Face processing emerges from object-trained convolutional neural networks

2405.18800

Published 5/30/2024 by Zhenhua Zhao, Ji Chen, Zhicheng Lin, Haojiang Ying

⚙️

Abstract

Whether face processing depends on unique, domain-specific neurocognitive mechanisms or domain-general object recognition mechanisms has long been debated. Directly testing these competing hypotheses in humans has proven challenging due to extensive exposure to both faces and objects. Here, we systematically test these hypotheses by capitalizing on recent progress in convolutional neural networks (CNNs) that can be trained without face exposure (i.e., pre-trained weights). Domain-general mechanism accounts posit that face processing can emerge from a neural network without specialized pre-training on faces.
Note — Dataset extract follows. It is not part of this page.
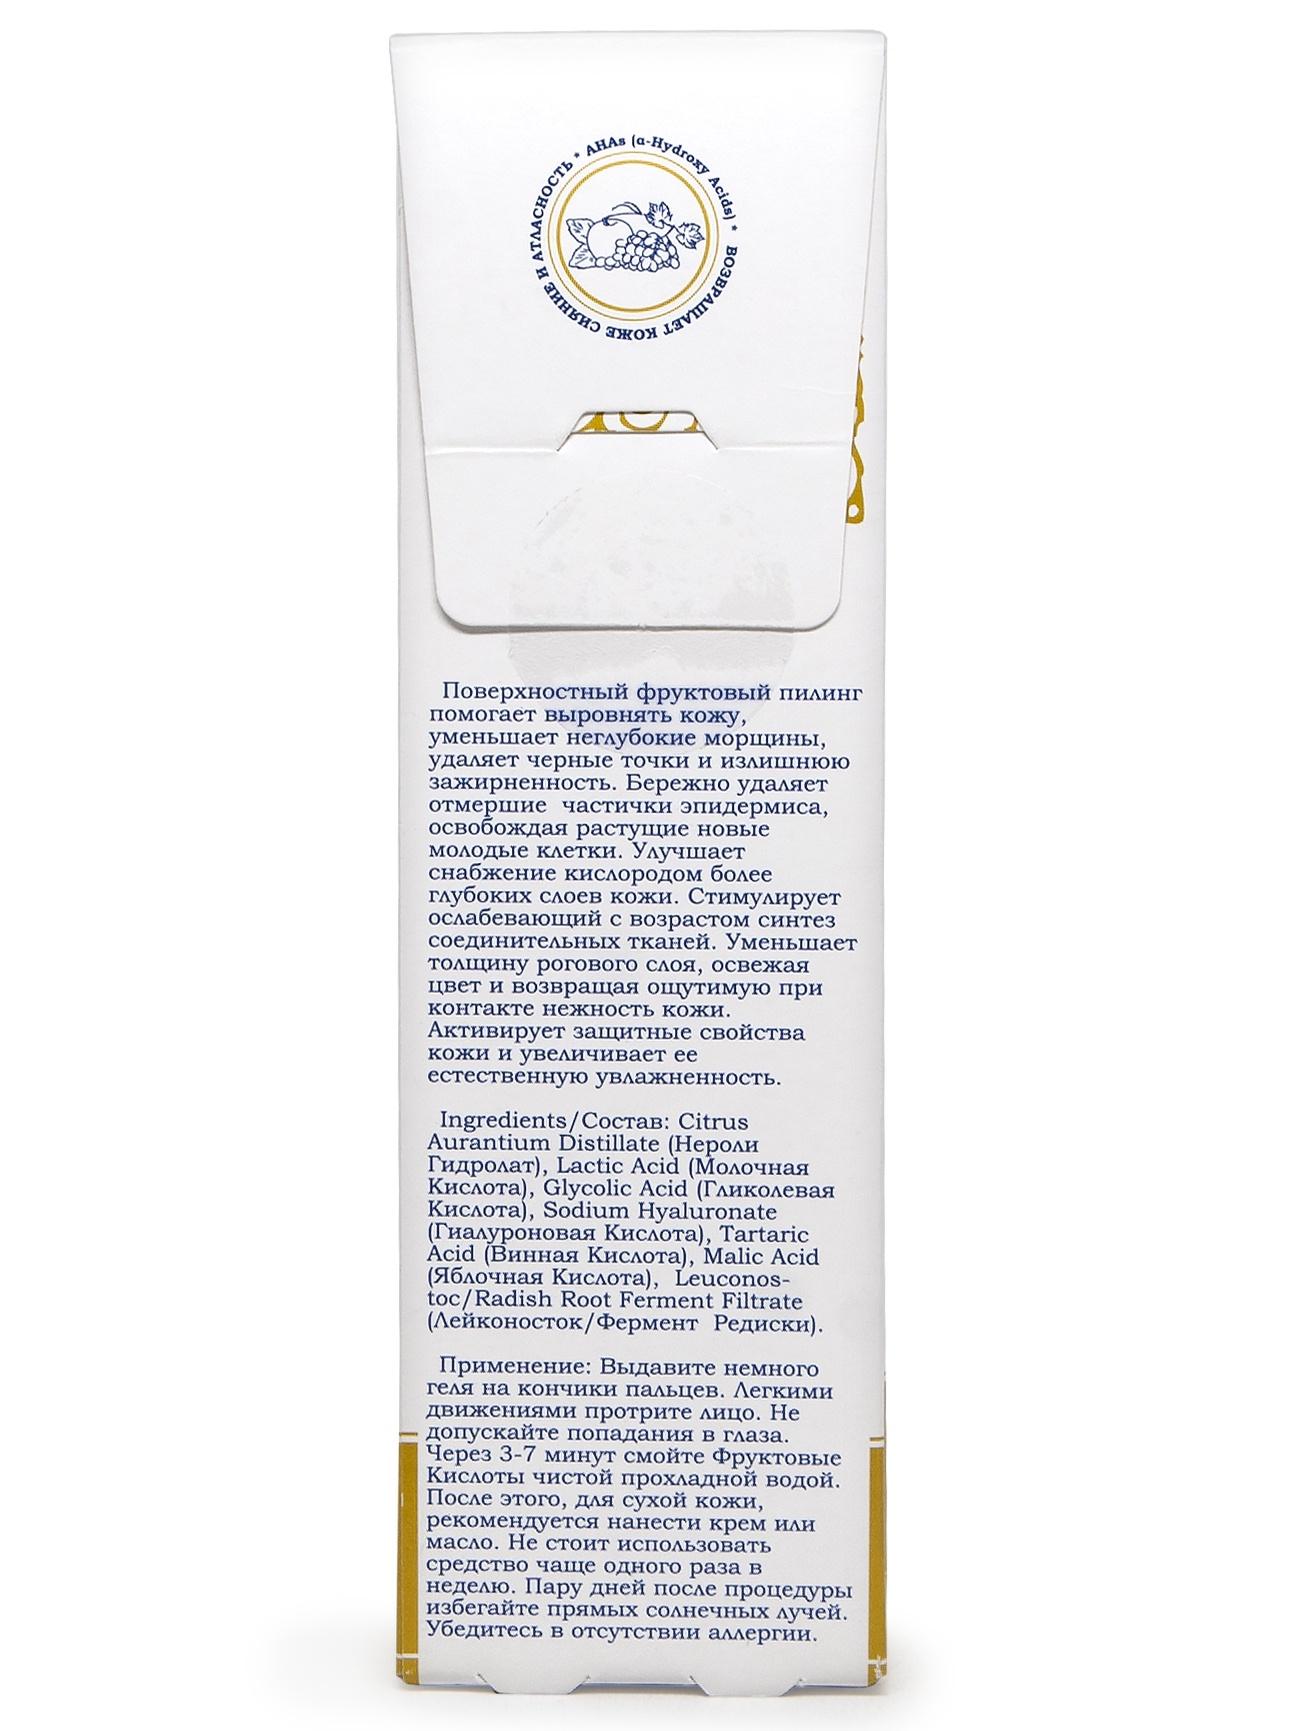 Фруктовая кислота (флакон-капелька) L'or 15мл DNC

Consequently, we trained CNNs solely on objects and tested their ability to recognize and represent faces as well as objects that look like faces (face pareidolia stimuli).... Due to the character limits, for more details see in attached pdf

Create account to get full access

Overview

This paper investigates whether face processing relies on specialized, domain-specific mechanisms or can emerge from more general object recognition capabilities.
The researchers trained convolutional neural networks (CNNs) solely on objects, without any exposure to faces, and tested their ability to recognize and represent faces as well as face-like objects.
The findings have implications for understanding the neurocognitive mechanisms underlying face processing in humans.

Plain English Explanation

The human brain's ability to recognize and process faces has long been a topic of debate. Some researchers believe that face processing requires specialized, brain regions dedicated to this task, while others argue that it can arise from more general object recognition capabilities.

To test these competing hypotheses, the researchers in this study took advantage of recent advancements in convolutional neural networks (CNNs). They trained CNNs solely on a dataset of objects, without exposing the models to any faces. Then, they assessed the CNNs' ability to recognize and represent both faces and "face pareidolia" stimuli - objects that appear to have face-like features, even though they are not actual faces.

If face processing relies on domain-specific mechanisms, the CNN models trained only on objects should struggle to recognize and process faces. However, if face processing can emerge from more general object recognition capabilities, the CNN models might still be able to handle face-related tasks effectively, despite their lack of face-specific training.

By taking this approach, the researchers aimed to shed light on the underlying cognitive and neural mechanisms responsible for our remarkable face processing abilities.

Technical Explanation

The researchers conducted a series of experiments using convolutional neural networks (CNNs) trained solely on object recognition tasks, without any exposure to faces. They then tested the trained models' performance on face recognition and face pareidolia (the perception of face-like features in non-face objects) tasks.

The researchers used several different CNN architectures, including VGG-16, ResNet-50, and EfficientNet-B0, and trained them on the ImageNet dataset, which contains a wide variety of objects but no faces. They then evaluated the models' face recognition abilities using the Labeled Faces in the Wild (LFW) dataset, as well as their ability to perceive face pareidolia using a custom-designed set of stimuli.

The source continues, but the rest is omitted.